> _RECORDED INFORMATION_:
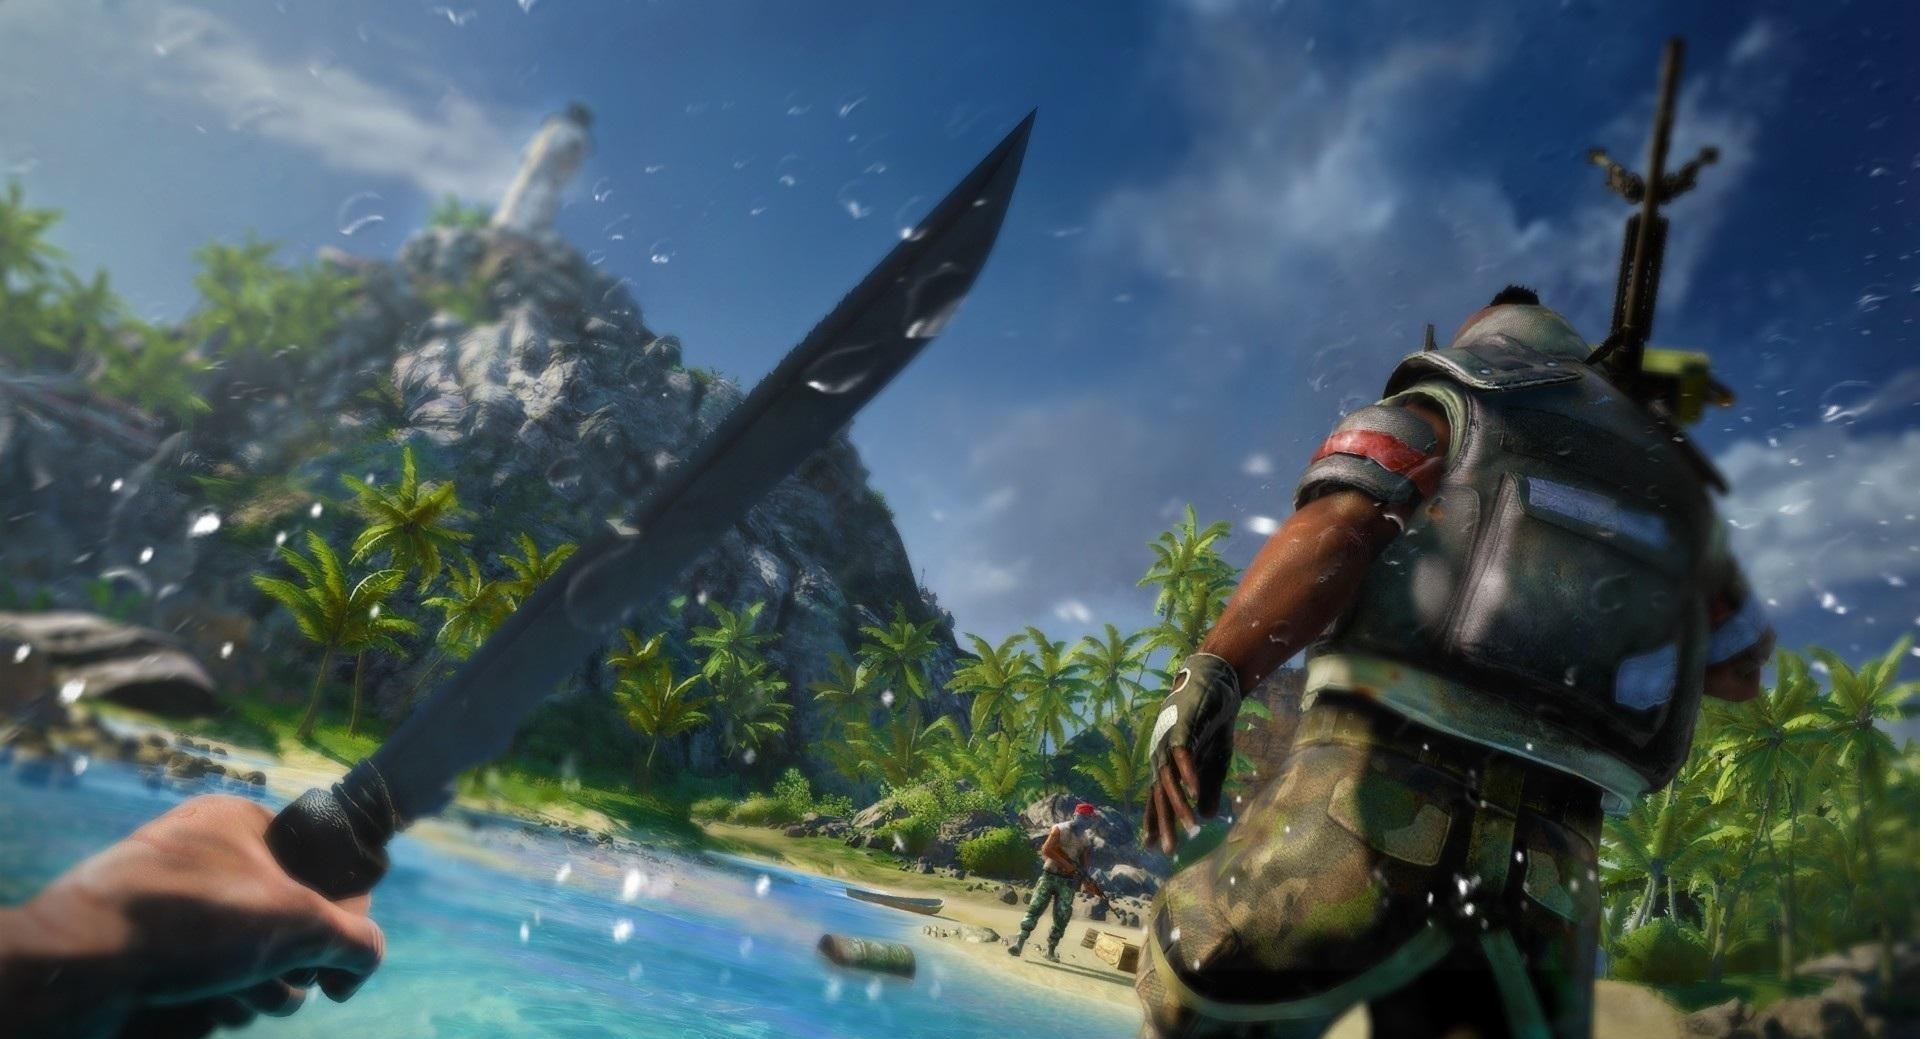 孤岛惊魂3(far cry 3) - 游戏图片   图片下载   游戏
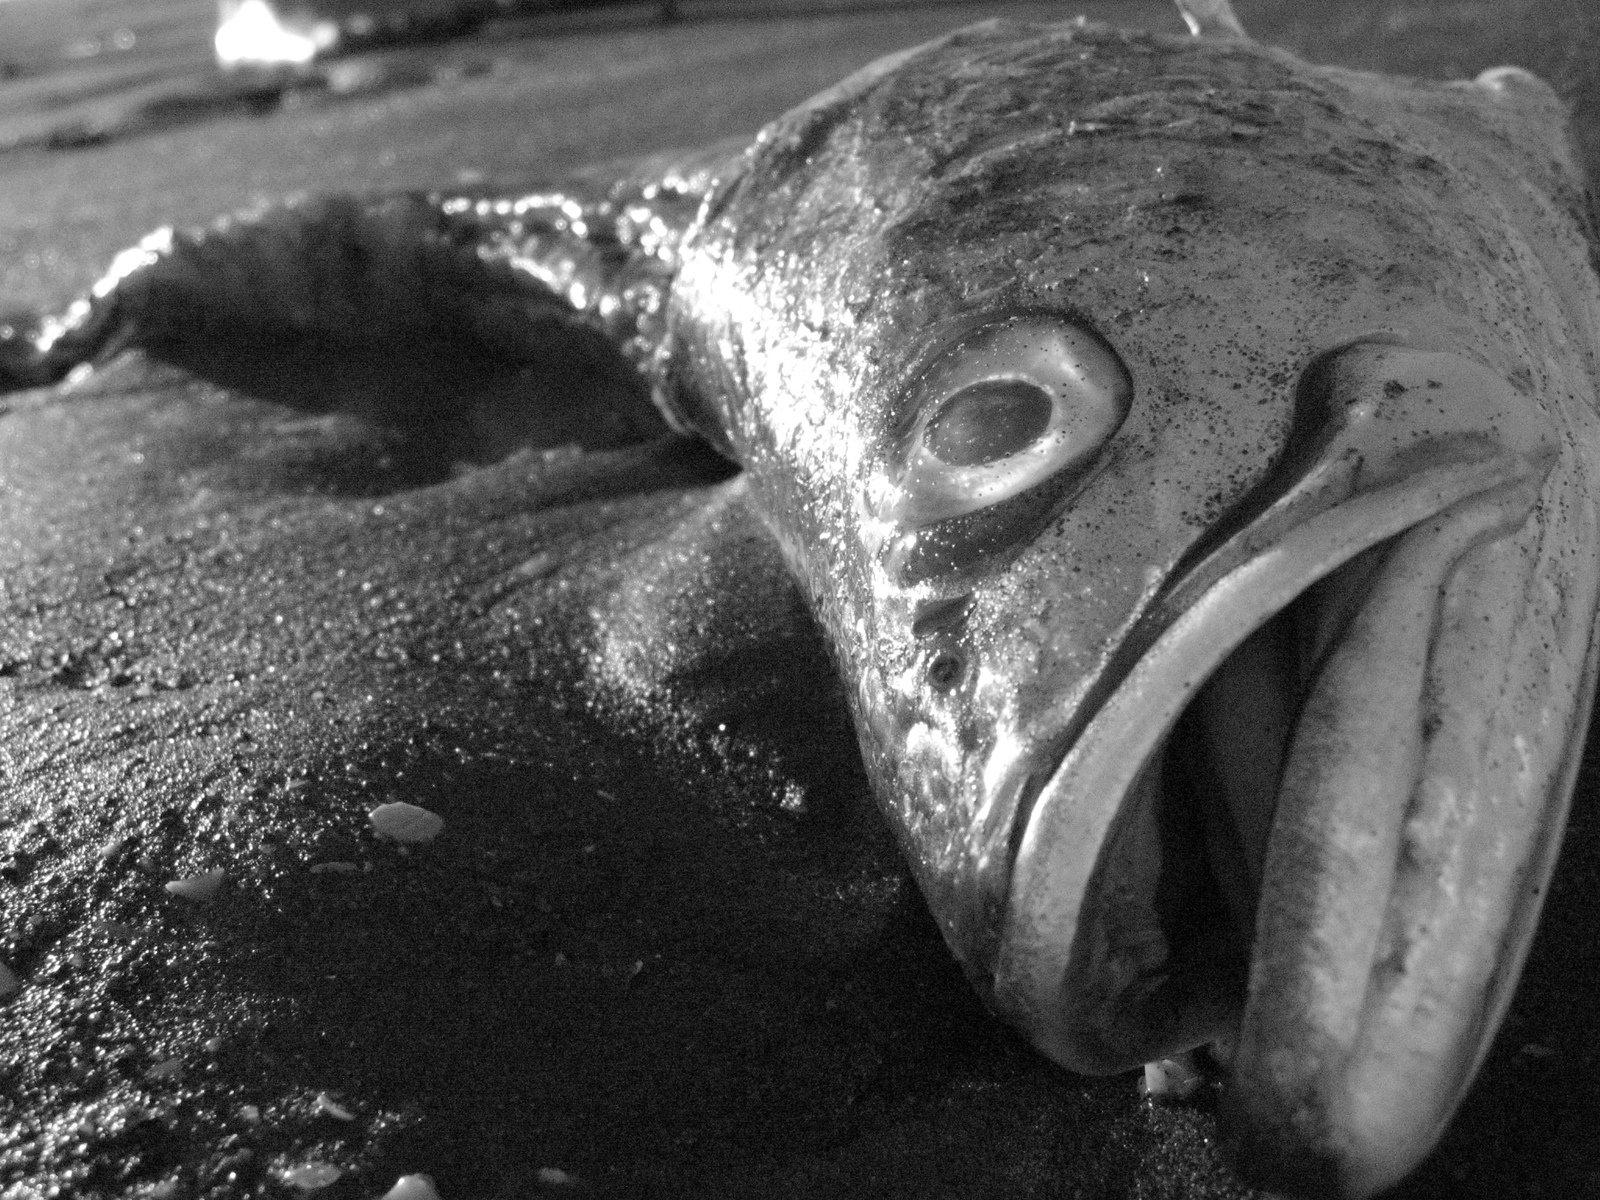 Видеть живую рыбку в аквариуме — ваши взаимоотношения с определенным человеком скованы некими рамками.
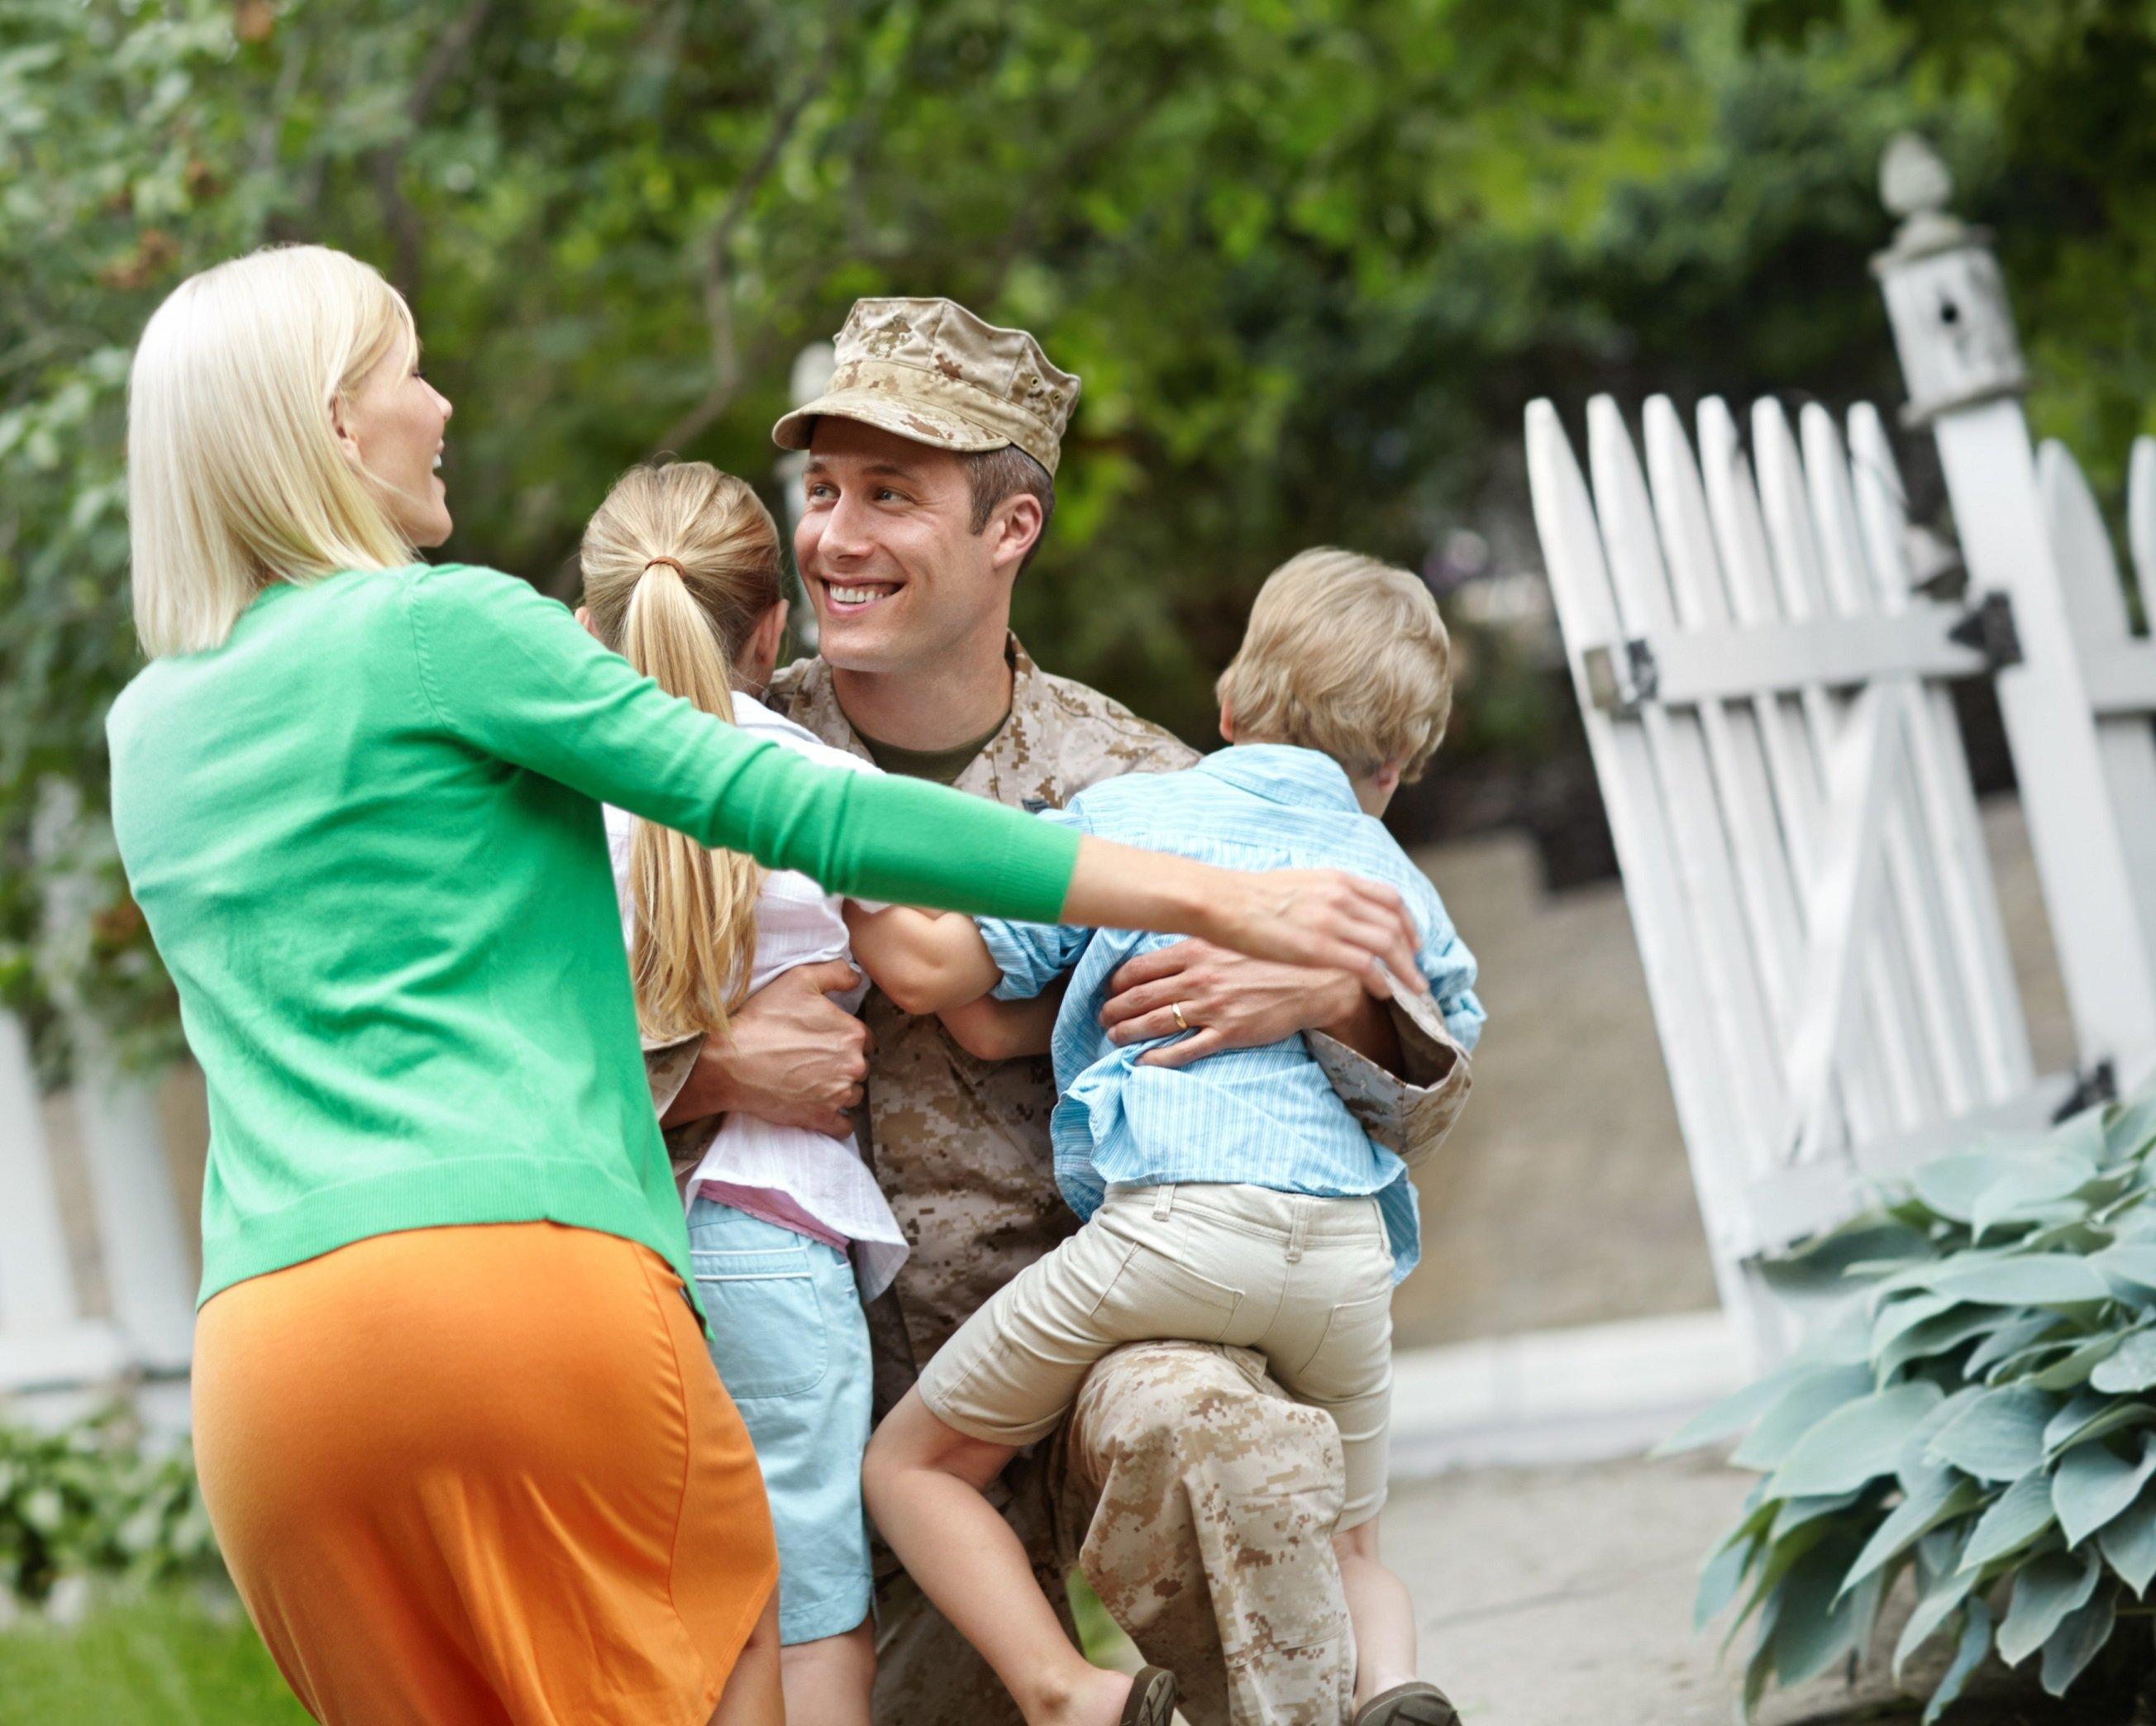 A family embraces a serviceman.

> _EXERCISE_: Return the complete material exactly as given, excluding images.

> _WRITTEN REPLY_:
 孤岛惊魂3(far cry 3) - 游戏图片   图片下载   游戏
 Видеть живую рыбку в аквариуме — ваши взаимоотношения с определенным человеком скованы некими рамками.
 A family embraces a serviceman.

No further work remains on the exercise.